The authors address these issues via: (1) TMA, a strategy for synthesizing multi-shot training samples from single-shot data; (2) the SAAS model with dedicated modules for detecting and understanding shot transitions; and (3) the Cut-VOS benchmark for evaluating cross-shot segmentation.
Method¶
Overall Architecture¶
SAAS is built upon SAM2 and introduces three novel components:
- Transition-Simulating Data Augmentation (TMA): A training strategy that synthesizes multi-shot training samples from single-shot data.
- Transition Detection Module (TDM) + Transition Comprehension and Handling Module (TCH): Runtime modules for detecting and understanding shot transitions.
- Local Memory Bank \(\mathcal{B}_{local}\): Stores fine-grained local features of the target to facilitate cross-shot matching.
Key Designs¶
1. Transition-Simulating Data Augmentation (TMA)¶
TMA is the key innovation addressing the scarcity of multi-shot training data. Building upon standard 8-frame consecutive sampling, TMA applies transition simulation with probability \(p_{trans}\), encompassing four main modes:
- Mode (a) Random Strong Augmentation: Applies horizontal flipping, random scaling, and random affine transforms to the latter half of an 8-frame clip, simulating close-up/long-shot transitions.
- Mode (b) Intra-video Temporal Skip: Samples frames from a different temporal segment of the same video, simulating transitions with large temporal gaps (changes in target pose and viewpoint).
- Mode (c) Cross-video Multiple Transitions: Cuts to an unrelated video and back, simulating cut away + cut in scenarios.
- Mode (d) Cross-video with Copy-Paste: Cuts to an unrelated video and copies the target with random translation, simulating scene change + delayed cut in.
Different modes are combined by controlling random variables \(p_{trans}\), \(p_{once}\), \(p_{cut}\), \(p_{same}\), \(p_{copy}\), and \(p_{hflip}\).
Design Motivation: Existing VOS datasets (e.g., YTVOS) consist entirely of single-shot videos; training on them directly does not improve—and may even degrade—multi-shot performance (a 0.3–0.9% drop on Cut-VOS). TMA bridges this gap synthetically, compensating for the absence of real annotated multi-shot data.
2. Transition Detection Module (TDM)¶
A lightweight dilated convolutional pyramid predicts the transition probability for each frame:
When \(\hat{p}_{i,tr} < \tau_{tr}\), the standard SAM2 segmentation pipeline is followed; otherwise, a shot is identified and the transition segmentation strategy is activated.
- Memory from non-transition frames is encoded into \(\mathcal{B}_{adj}\) (adjacent memory bank).
- Memory from transition frames is encoded into \(\mathcal{B}_{scene}\) (scene memory bank) for scene-level understanding.

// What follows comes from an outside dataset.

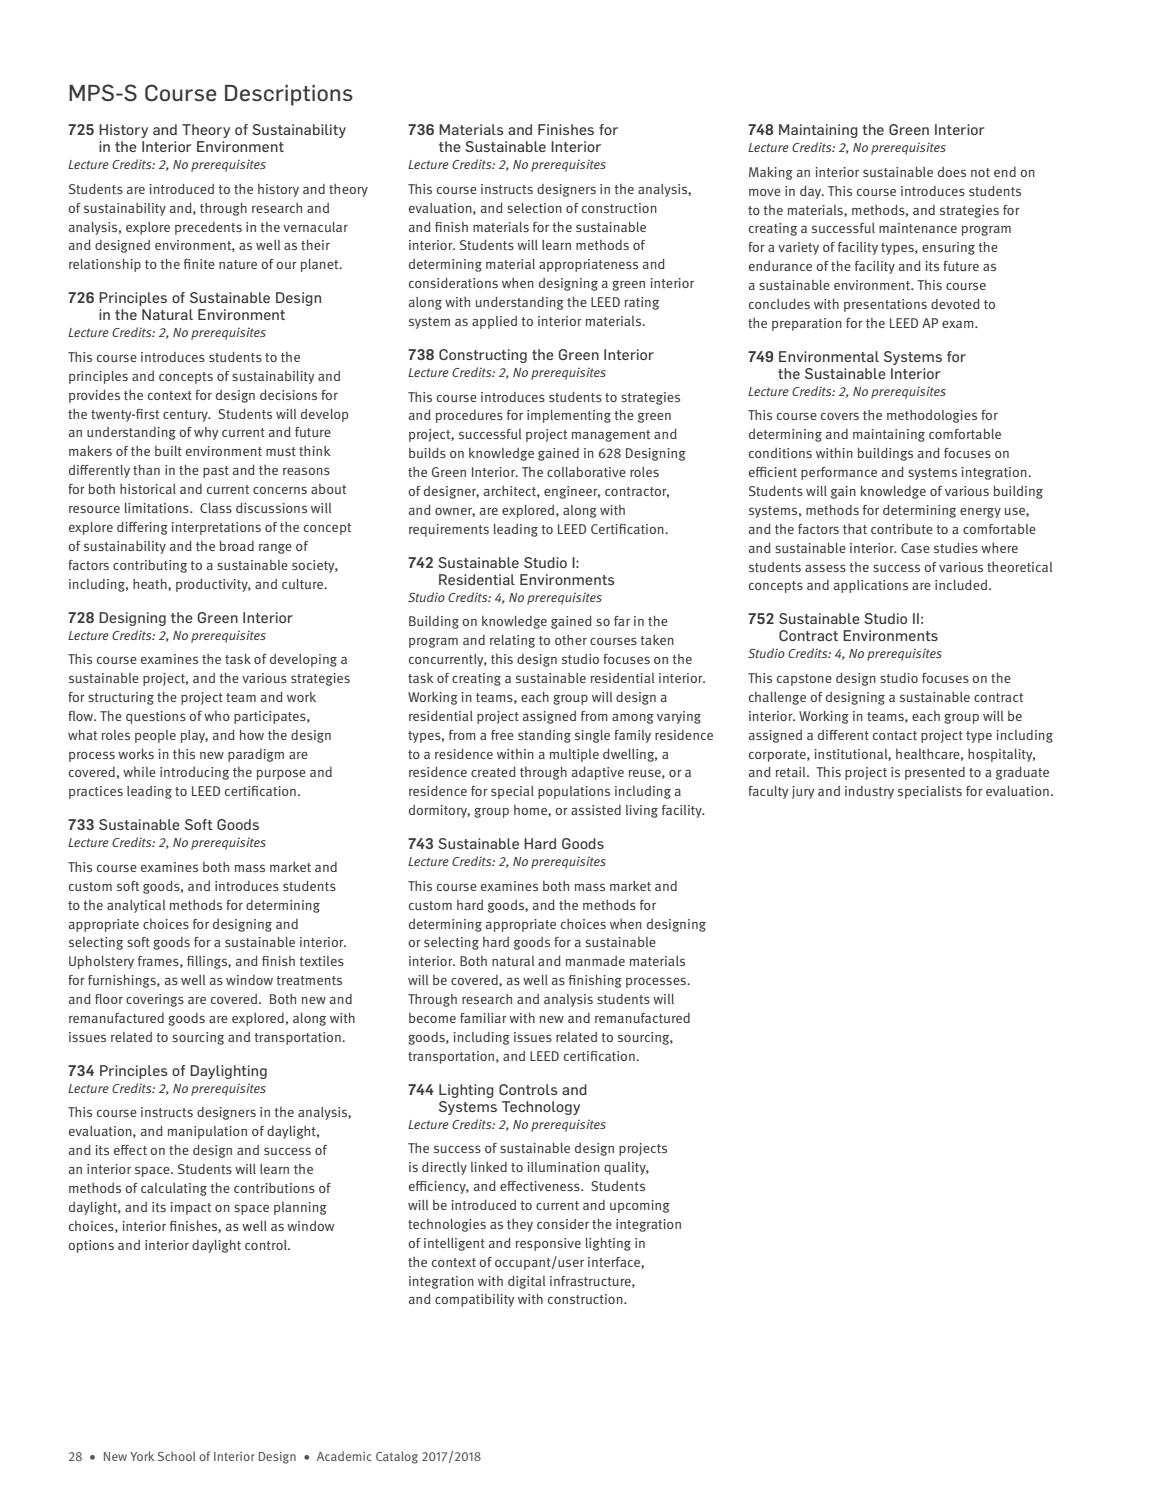 Academic Catalog 20172018 By New York School Of Interior Design Issuu

Design Motivation: Inspired by shot boundary detection methods (e.g., TransNet), transition detection must precede the application of transition-specific strategies. The dilated convolutional pyramid captures inter-frame differences at multiple temporal scales.

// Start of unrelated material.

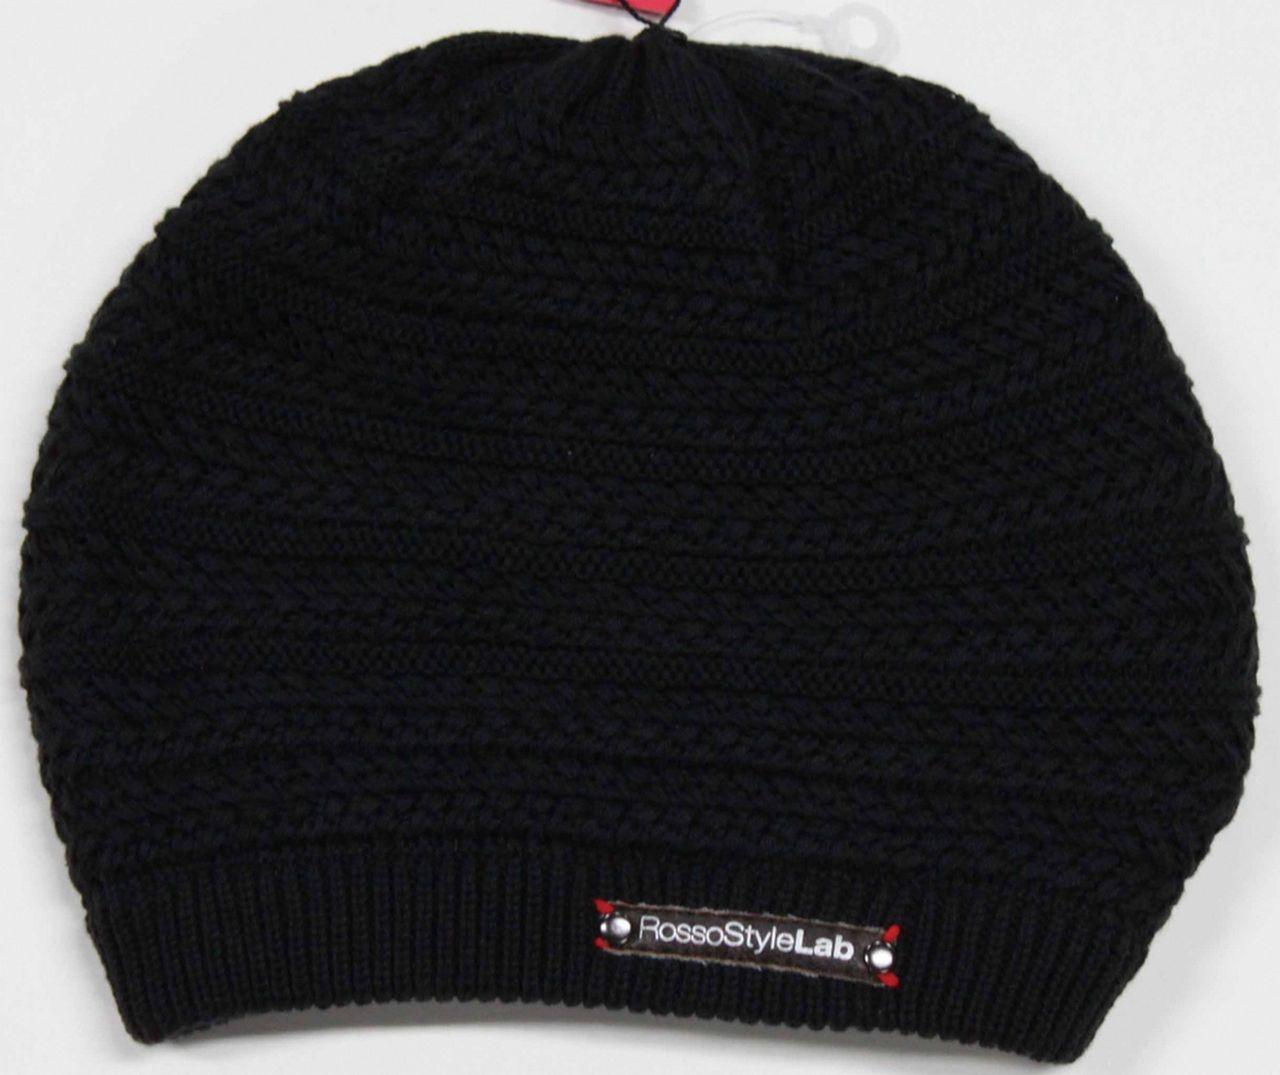 【Rosso StyleLab】Rosso棉質貝雷帽 - 「Webike-摩托百貨」

3. Transition Comprehension and Handling Module (TCH)¶
TCH first reads scene information from \(\mathcal{B}_{cond}\) and \(\mathcal{B}_{scene}\) and integrates it into the current frame features via stacked attention layers. Learnable query vectors \(Q_{init}\) then interact with both the previous and current frame features through multiple cross-attention layers:
Two auxiliary training objectives are incorporated: - Existence Prediction: Predicts whether the target appears in the next frame from \(Q_i\) (BCE loss \(\mathcal{L}_{exis}\)). - Bounding Box Regression: Predicts the target bounding box after the transition from \(Q_i\) and the previous frame's box (MCE loss \(\mathcal{L}_{box}\)).
An aggregator decodes \(Q_i\) to refine the previous memory \(\mathcal{M}_{adj}^{t-1}\); the refined memory is concatenated with \(\mathcal{B}_{cond}\) and \(\mathcal{B}_{local}\) and fed into SAM2's memory attention module.
Design Motivation: Detecting transitions alone is insufficient; the model must also understand the type of transition and the change in target state. The auxiliary objectives compel the model to establish cross-transition mappings. The cross-attention aggregator ensures compatibility between the transition-aware features and SAM2's segmentation head.
4. Local Memory Bank \(\mathcal{B}_{local}\)¶
- A Minimum Spanning Tree (MST) is constructed on the deep feature map \(M_0 \odot F_{l3}^0\) of the conditioning frame.
- Low-weight edges are pruned to yield semantically coherent sub-region partitions (unsupervised segmentation).
- The centroid of each sub-region serves as a positive point prompt, with all remaining centroids as negative prompts; SAM extracts high-resolution, fine-grained features for each region.
- Features are compressed into complementary object pointers and stored in \(\mathcal{B}_{local}\).
- A ratio threshold \(\tau_p = 2.5\%\) filters out overly small regions to prevent over-segmentation.
Design Motivation: After a shot transition, local details of the target (e.g., clothing, vehicle markings) are critical cues for re-identification. MST-based segmentation unsupervisedly captures part-level features, addressing the inability of prior methods to actively leverage fine-grained local features.
Loss & Training¶
Total loss = SAM2 original losses (focal + dice + iou + CE) + \(0.5 \cdot \mathcal{L}_{box}\) + \(0.5 \cdot \mathcal{L}_{exis}\)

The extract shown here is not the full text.